Обсуждался все-таки план наступления, но первый же выступавший Куропаткин прямо сказал, что на успех своего фронта не рассчитывает, предсказал огромные и безрезультатные потери, исходя из неудачного опыта зимних операций. К нему тут же присоединился Эверт, заявивший, что в успех наступления верить не приходится и лучше бы продолжать оборону, причем до тех пор пока войска не будут снабжены тяжелой артиллерией и снарядами к ней в изобилии. Высказывания военачальников, поставленных возглавить и решить главную наступательную задачу кампании, можно оценить по меньшей мере как странные. Они не хотели и по большому счету не собирались наступать, а значит, и не готовили к этому войска. Алексеев всячески пытался урезонить сверхосторожных полководцев, и создавшуюся тяжелую атмосферу нарушил Брусилов. В мемуарах он напишет: «Я заявил, что, несомненно, желательно иметь большее количество тяжелой артиллерии и тяжелых снарядов, необходимо также увеличить количество воздушных аппаратов, выключив устаревшие, износившиеся. Но и при настоящем положении дел в нашей армии я твердо убежден, что мы можем наступать. Не берусь говорить о других фронтах, ибо их не знаю, но Юго-Западный фронт, по моему убеждению, не только может, но и должен наступать, и полагаю, что у него есть все шансы для успеха, в котором я лично убежден. На этом основании я не вижу причин стоять мне на месте и смотреть, как мои товарищи будут драться. Я считаю, что недостаток, которым мы страдали до сих пор, заключается в том, что мы не наваливаемся на врага сразу всеми фронтами, дабы прекратить противнику возможность пользоваться выгодами действий по внутренним операционным линиям, и потому, будучи значительно слабее нас количеством войск, он, пользуясь своей развитой сетью железных дорог, перебрасывает свои войска в то или иное место по желанию. В результате всегда оказывается, что на участке, который атакуется, он в назначенное время всегда сильнее нас и в техническом и в количественном отношениях. Поэтому я настоятельно прошу разрешения и моим фронтам наступательно действовать одновременно с моими соседями; если бы, паче чаяния, я даже и не имел бы никакого успеха, то по меньшей мере не только задержал бы войска противника, но привлек бы часть его резервов на себя и этим могущественным образом облегчил бы задачу Эверта и Куропаткина».

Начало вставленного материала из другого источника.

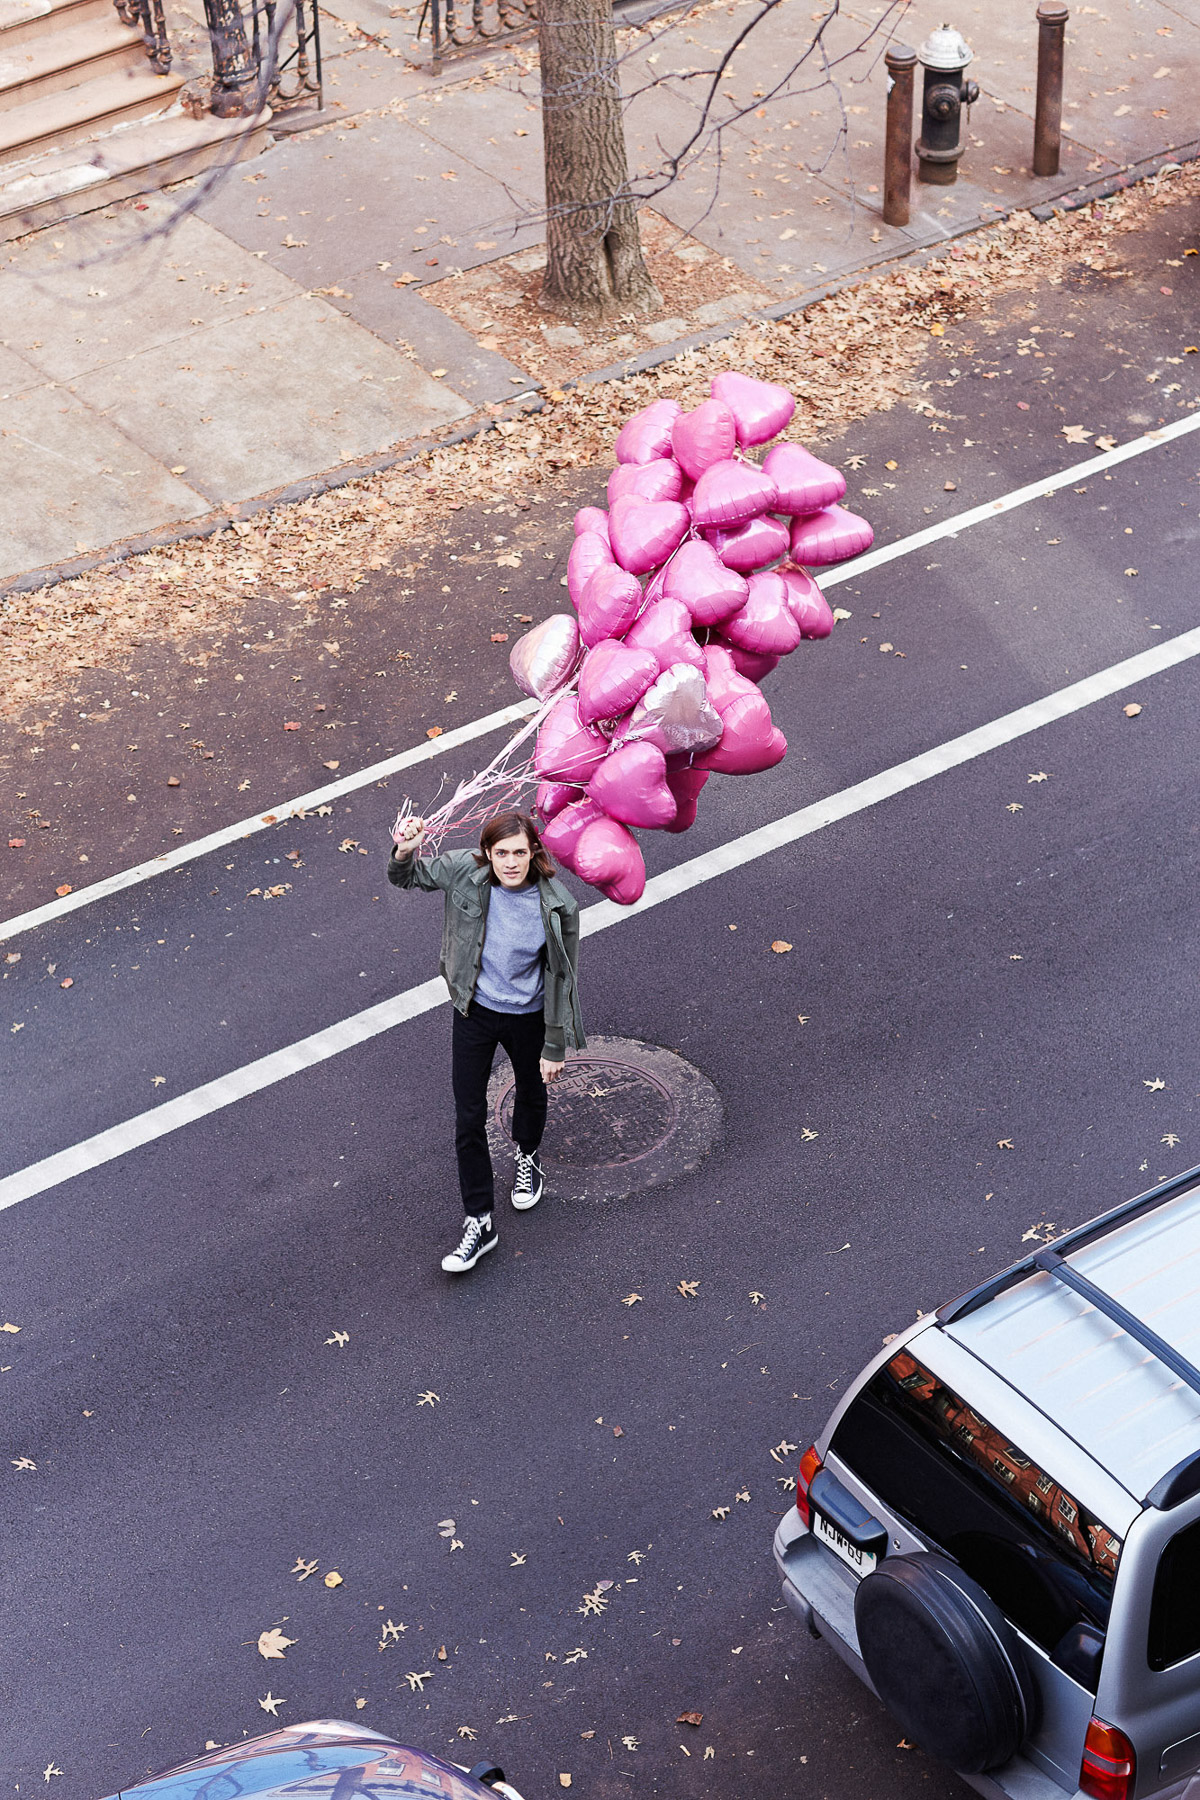 galindo-urban-outfitters-31.jpg

Алексеев вздохнул свободно, заулыбался и государь император. С Брусиловым согласились. Правда, не обещая ему никакой дополнительной помощи. Он ее и не просил. Я же хочу обратить ваше внимание на то, что Брусилов не требует переноса главного удара в полосу своего фронта. Он просто готовиться оказать действенную помощь своим соседям. Главное здесь – уверенная готовность наступать и победить. Тогда еще он не предполагал, что ему предстоит вскоре «партия первой скрипки».
На мой взгляд, русская Ставка (Алексеев. – С.К.) изначально неправильно определила направление главного удара. Конечно, очень заманчиво было нанести поражение германской группировке и вновь выйти на границы Германии. Но объективно такую задачу выполнить не представлялось возможным. Судите сами. Все сражения зимней кампании 1916 года, включая побоище под Верденом, ни на йоту не ослабили оборонительный потенциал германской группировки на Восточном фронте. Ни одно соединение, ни одна часть оттуда не ушли. Против армий Куропаткина и Эверта по-прежнему стояли закаленные в боях дивизии 8-й армии Отто фон Белова, армейской группы Шольца, 10-й армии Эйхгорна и 12-й армии Гельвица, объединенные в «группу войск Гинденбурга». Да еще у Барановичей сосредоточилась группа войск принца Леопольда Баварского и армейская группа Войриша. Против Брусилова – группа немецких войск Линзингена, Южная германская группа Ботмера. Австро-венгерские армии – 4-я эрцгерцога Иосифа Фердинанда, 1-я – Пухалло, 11-я – Бем-Еромолли, 7-я – Пфланцер-Балтина. Всего 87 пехотных и 21 кавалерийская дивизия, из которых две трети находились к северу от Полесья. Вся эта силища сумела зимой отбить все наши атаки и к лету увеличила свой оборонительный потенциал вдвое за счет огромного количества тяжелой артиллерии многополосной, бетонированной линии обороны. Мы собрали для наступления почти 140 пехотных и 36 кавалерийских дивизий, но это был лишь перевес в живой силе. Как тут не согласиться с А. Зайончковским: «Численное превосходство было безусловно на стороне русских, но далеко не в такой степени, как это рисуется русскими источниками. И более объективный германский генерал Мозер говорит только, что «на стороне русских все еще было превосходство в силах». Фалькенгайн же определяет численность германского фронта к северу от Припяти в 600 000 человек. Если прибавить к этому большой недостаток у русских тяжелой артиллерии и отлично устроенные бетонированные позиции армий центральных держав, то следует откинуть то мнение, что русское наступление было произведено чуть ли не в пустое пространство».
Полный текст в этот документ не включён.